Embarrassingly parallel MCMC using deep invertible transformations
This addresses the problem of efficient Bayesian inference for large datasets, offering a novel aggregation strategy that is incremental but improves upon existing parallel MCMC methods.
The paper tackles the challenge of scaling MCMC to large distributed datasets by introducing a deep invertible transformation method to approximate subposteriors, enabling efficient aggregation with low communication costs and outperforming state-of-the-art methods in high-dimensional and heterogeneous scenarios.

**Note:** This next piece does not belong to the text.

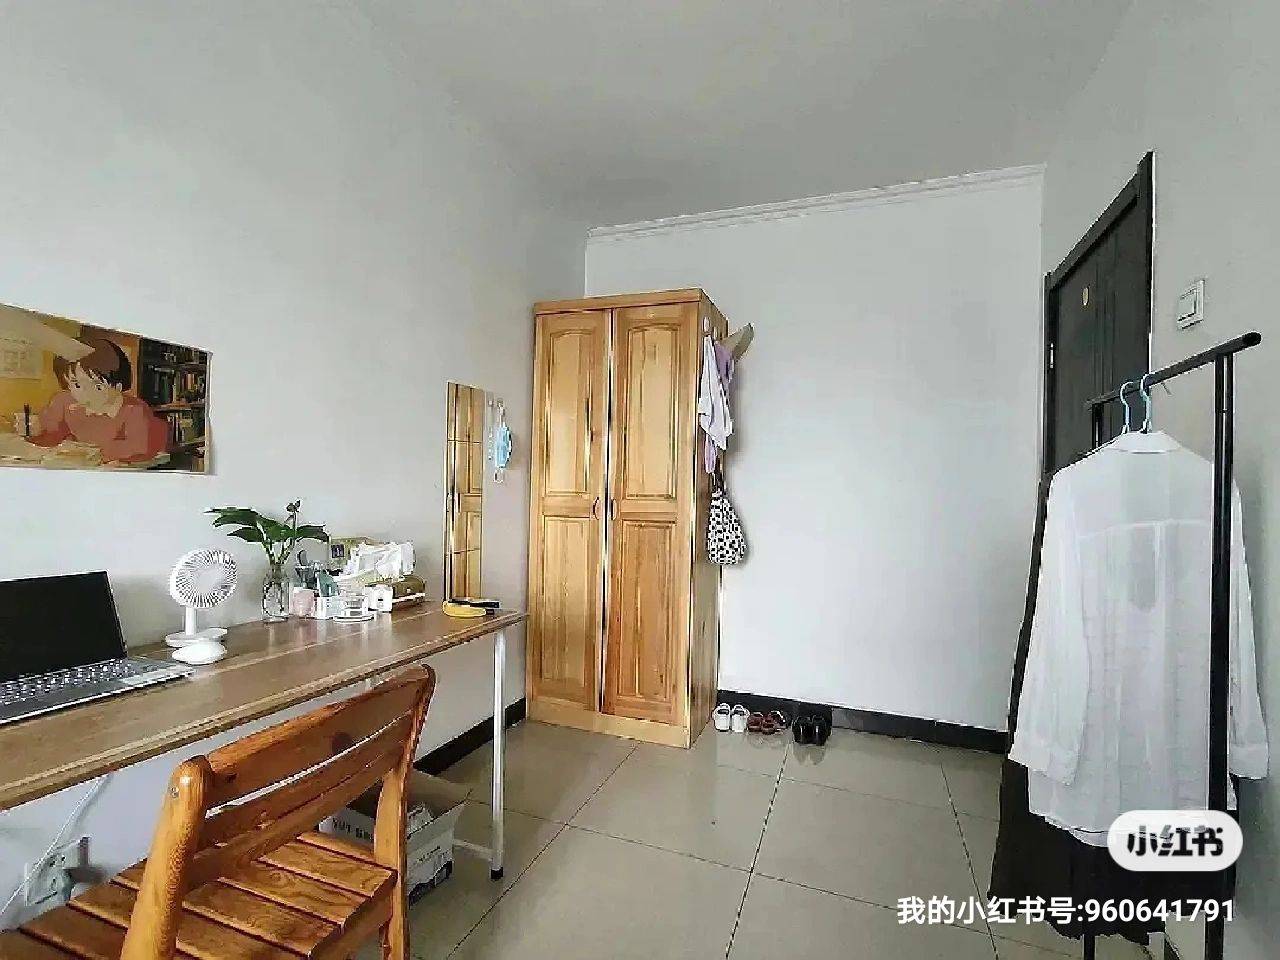 Beijing-Haidian-Cozy Home,Clean&Comfy,No Gender Limit,Hustle & Bustle,LGBTQ Friendly

While MCMC methods have become a main work-horse for Bayesian inference, scaling them to large distributed datasets is still a challenge. Embarrassingly parallel MCMC strategies take a divide-and-conquer stance to achieve this by writing the target posterior as a product of subposteriors, running MCMC for each of them in parallel and subsequently combining the results. The challenge then lies in devising efficient aggregation strategies. Current strategies trade-off between approximation quality, and costs of communication and computation. In this work, we introduce a novel method that addresses these issues simultaneously. Our key insight is to introduce a deep invertible transformation to approximate each of the subposteriors. These approximations can be made accurate even for complex distributions and serve as intermediate representations, keeping the total communication cost limited. Moreover, they enable us to sample from the product of the subposteriors using an efficient and stable importance sampling scheme. We demonstrate the approach outperforms available state-of-the-art methods in a range of challenging scenarios, including high-dimensional and heterogeneous subposteriors.